CALGARY — The chief executive of pipeline firm Enbridge Inc. (TSX:ENB) says oilsands bitumen should be processed in Alberta only if it makes economic sense for producers to do so, despite worries over jobs and investment being lost to the United States.

CALGARY — The chief executive of pipeline firm Enbridge Inc. (TSX:ENB) says oilsands bitumen should be processed in Alberta only if it makes economic sense for producers to do so, despite worries over jobs and investment being lost to the United States.

“The market really decides where that upgrading is best located,” Pat Daniel said.

“And generally speaking you’re better off getting the crude as close to market as you can before you upgrade economically.”

Alberta’s industrial heartland near Edmonton has been ailing as the recession has caused a slew of companies to delay or cancel the construction of the multibillion-dollar upgraders that convert thick, heavy bitumen into easier-to-refine synthetic crude oil.

There are concerns over whether those facilities will be built in Alberta once the economic storm clears, or if producers will instead opt to process their raw product in the United States, where several refineries are being revamped to handle oilsands crude.

So far it appears new developments planned by Imperial Oil Ltd. (TSX:IMO) and Suncor Energy Inc. (TSX:SU) will look at a U.S. bitumen processing strategy rather than upgrading in Alberta.

The Alberta government is in the process of reviewing ways to make the province more competitive with other jurisdictions.
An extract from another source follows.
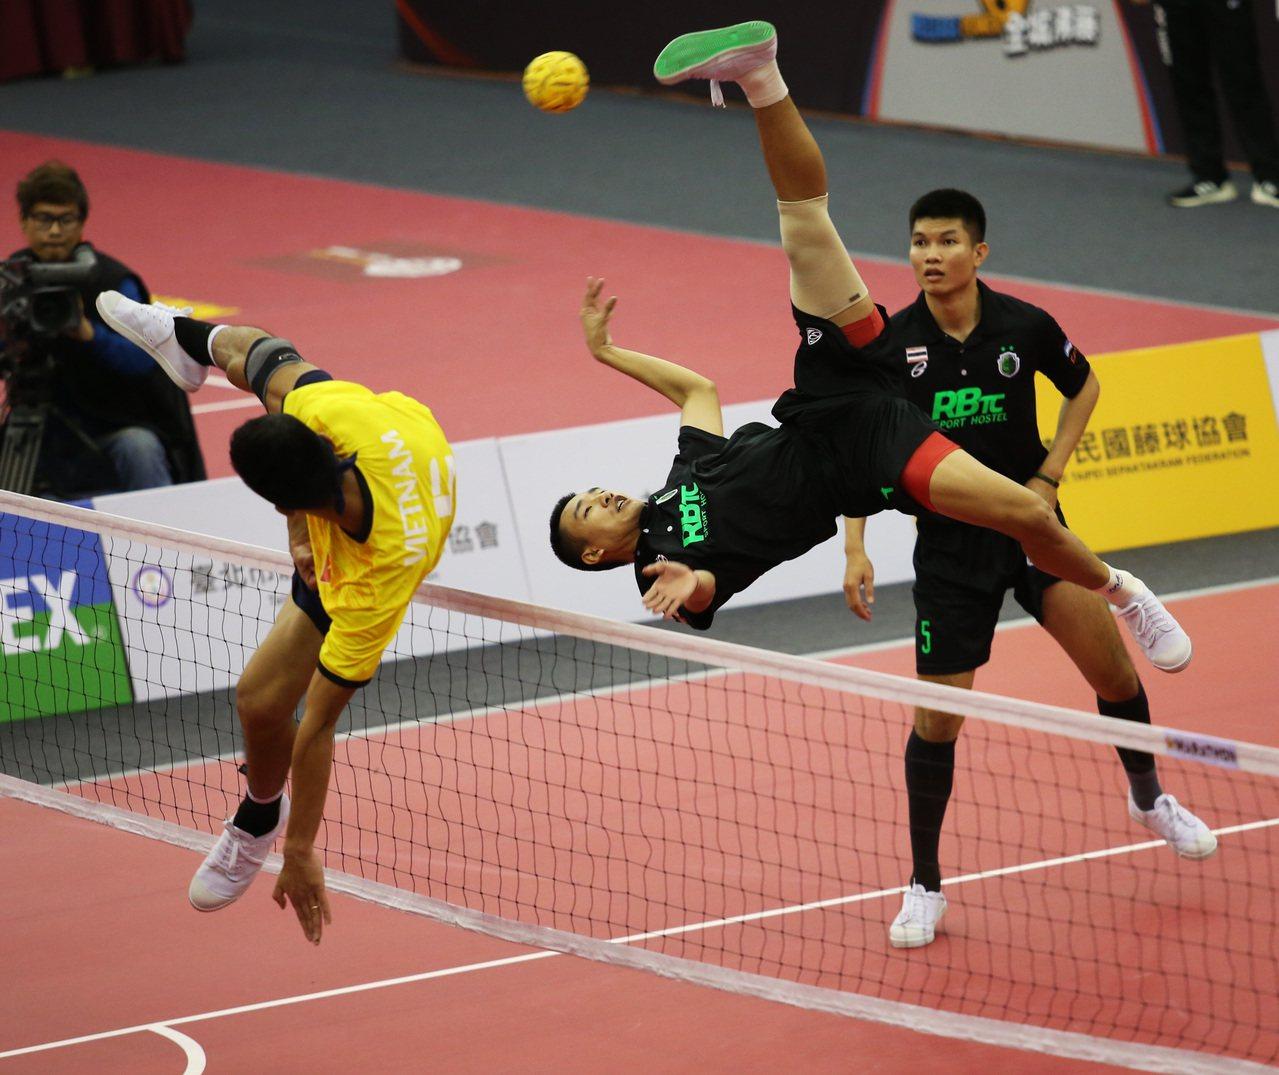 泰國隊拿下首屆台灣國際藤球邀請賽雙冠。圖/中華藤球協會提供

Daniel wants a national energy strategy that “will trump partisan politics and poll-driven short-termism.”

Such a strategy would guide the country toward incorporating more renewables into its energy diet, but would at the same acknowledge the oilsands’ vast resources will be needed to meet the globe’s energy needs into the foreseeable future.

“The oilsands are the second biggest oil reserve in the world. We can’t deny access to the world of that huge source of energy,” Daniel said in the interview.

“And so we’ve got to come up with a way in which we develop that is in sync with green house gas emissions and environmental plans.”

In his speech in Edmonton, Daniel also emphasized the need for Canada’s energy industry to broaden its export markets.

Canada is currently the No. 1 oil supplier to the United States, but emerging Asian economies also present a lucrative market for Canadian crude as well.

Enbridge has proposed a crude pipeline called Northern Gateway that would stretch from the Edmonton area to the port city of Kitimat, B.C., where the oil would be loaded onto massive tankers and travel across the Pacific Ocean to Asia.

“I think that that’s kind of Economics 101 ... you want to have as broad a market as you can so that if one customer quits taking your product, you’ve got other alternatives,” Daniel said.

“We’ve never had a West Coast alternative for Canadian crude oil and I think we badly need that to make sure that Canadians are getting the full pricing that they can for every barrel of crude that they sell.”